The 48-day funding extension offers $16 billion in supplemental funding for disaster relief and does not make any of the significant cuts that GOP hardliners wanted.
Ninety House Republicans and one Democrat, Rep. Mike Quigley of Chicago, Ill., voted against it.
The plan lacks funding for Ukraine, which Democrats had desired. Lawmakers are working on a separate measure for it: House Democrats released a statement Saturday evening requesting McCarthy bring a bill to the floor; Senate leaders on both sides of the aisle said they would work to pass legislation aiding Ukraine.
Immediately after the House passed the spending resolution, it adjourned until Monday. Gaetz, a Republican who has long said he wants to oust McCarthy, was seen trying to call for another action, but was too late.
After the House vote, McCarthy said, “If somebody wants to make a motion against me, bring it. There has to be an adult in the room.”
As part of his deal in January to become speaker, McCarthy agreed to let any single lawmaker call for a vote to oust him. A majority of the House would have to offer their vote of no confidence to remove him.
The House is split with 221 Republicans to 212 Democrats — a problem for McCarthy if enough of the GOP wanted him gone. It would force him, once again, to look for Democrats for help.
While Democrats voted to avoid default earlier this year and a shutdown Saturday, they might not be willing to save McCarthy’s speakership. None voted for McCarthy during the 15 rounds it took for him to get the job and none voted “present” to help lower the threshold of Republican support he needed.
Former House Speaker Nancy Pelosi, D-San Francisco, reportedly told her Democratic colleagues not to rush to save McCarthy in a vote to oust him. Rather, POLITICO reported, she recommended letting Republicans deal with their own drama.
In a bipartisan compromise to raise the debt ceiling in May, McCarthy required Democratic support. In that vote too, more Democrats than Republicans voted for the measure. No one called for a motion to vacate at that time.
Who could replace McCarthy? The logical successor would be Majority Leader Steve Scalise of Louisiana. He’s adored by conservatives and respected by moderates. But he’s also battling multiple myeloma, a blood cancer.

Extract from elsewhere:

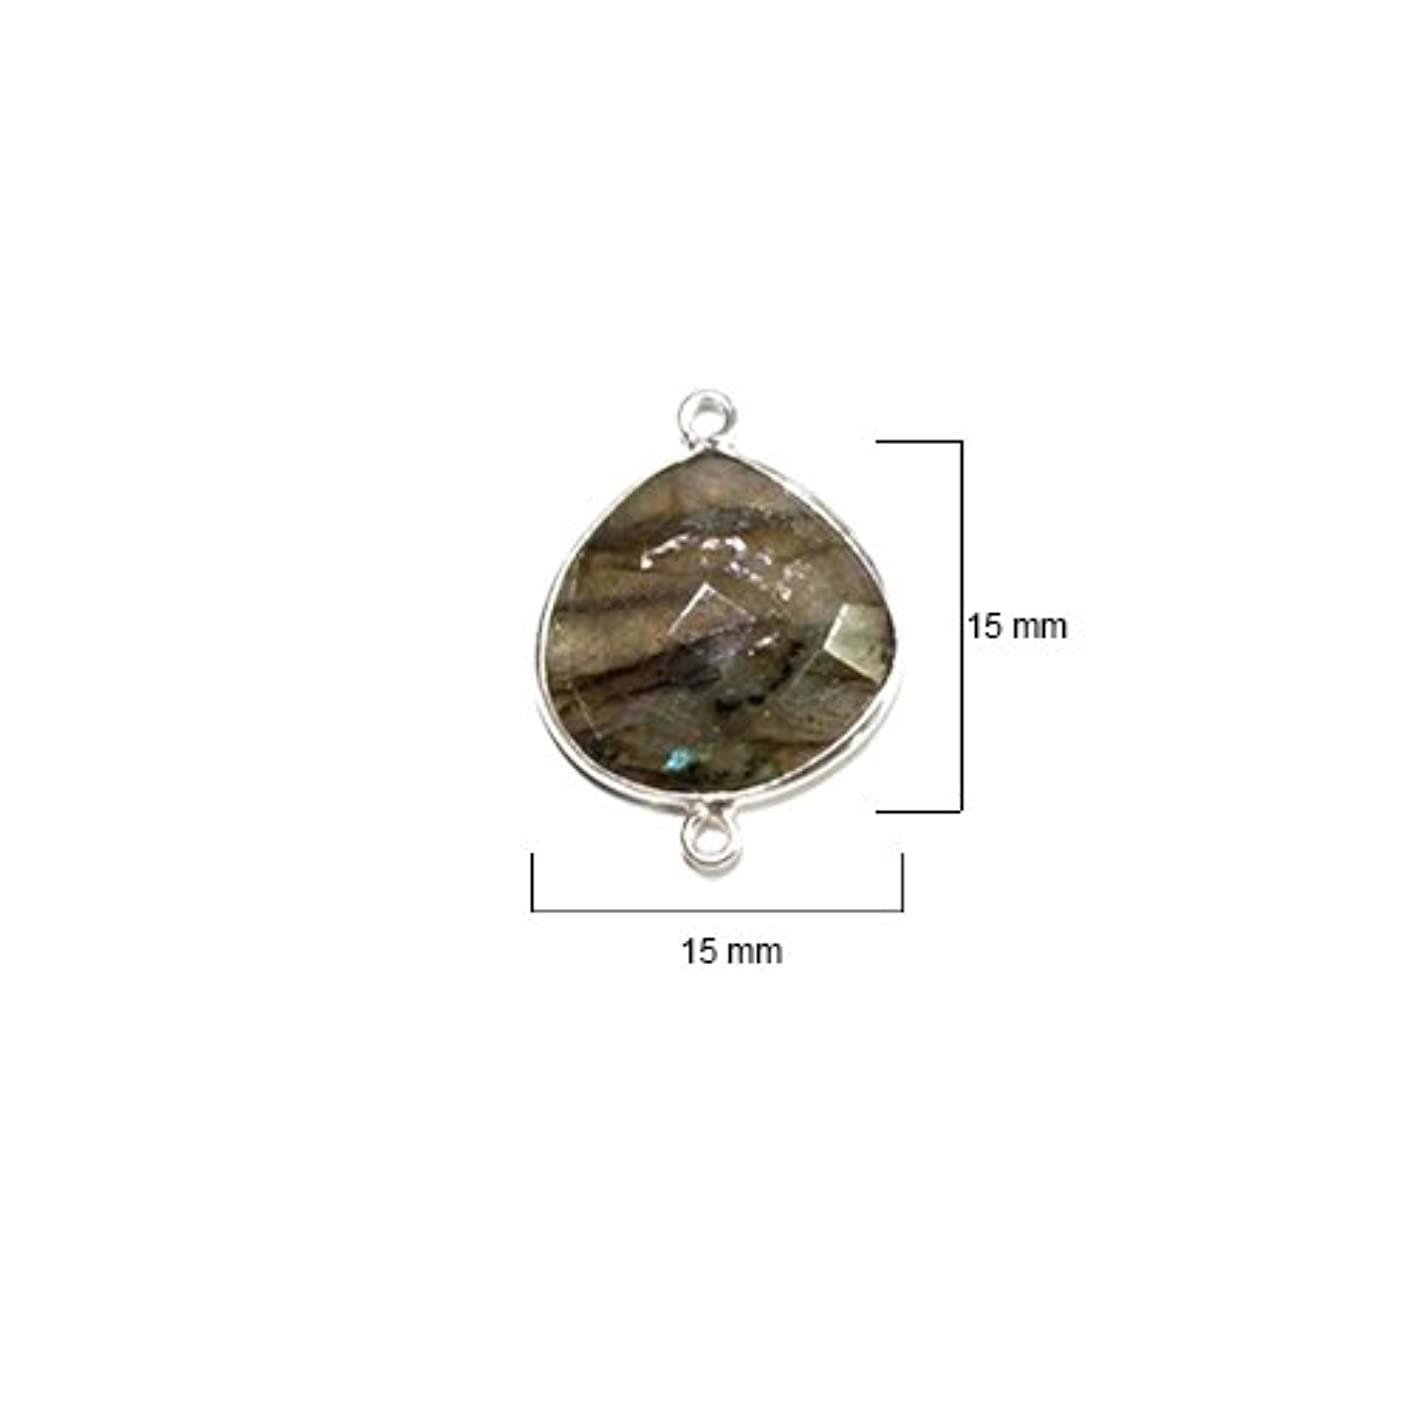 2 Pcs Labradorite Heart 15mm by BESTINBEADS I Labradorite Stone I Labradorite Heart Pendant I Heart Pendant Silver I Bezels Connectors I Labradorite Pendant Silver I Heart Bezel

Next in line would be Majority Whip Tom Emmer of Minnesota, then New York Rep. Elise Stefanik.
If the GOP wanted to turn to a committee chair — as it did in 2015 when it elevated Paul Ryan of the Ways and Means Committee — the chatter mostly revolves around Rep. Mark Green of Tennessee, a physician and Army veteran who chairs the Homeland Security Committee. Republicans have praised his work getting tough on border security and his tough-but-fair demeanor.

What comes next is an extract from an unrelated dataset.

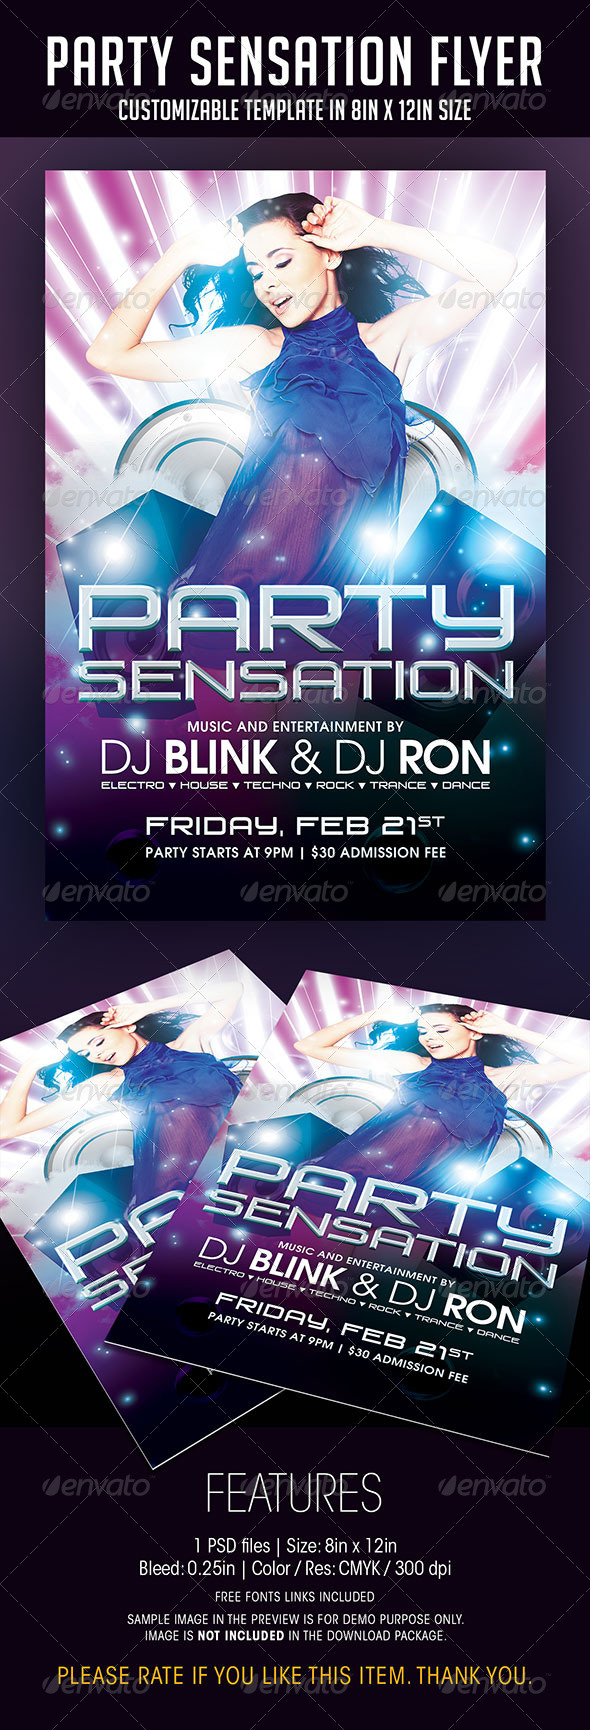 Party Sensation Flyer - Clubs & Parties Events

McCarthy’s Republican predecessors faced similar reckonings. House Speaker John Boehner resigned amid a 2015 funding battle that would have required him to rely on Democratic support to keep the gavel. Boehner, who became speaker in 2011, had already extended his tenure when he had not wanted to.
Ryan, who held the role from 2015 to 2019 — when McCarthy did not have the votes to succeed Boehner — decided he had enough in April 2018. Surprising many in his caucus, Ryan said he would not seek re-election; he wanted to spend more time with his children.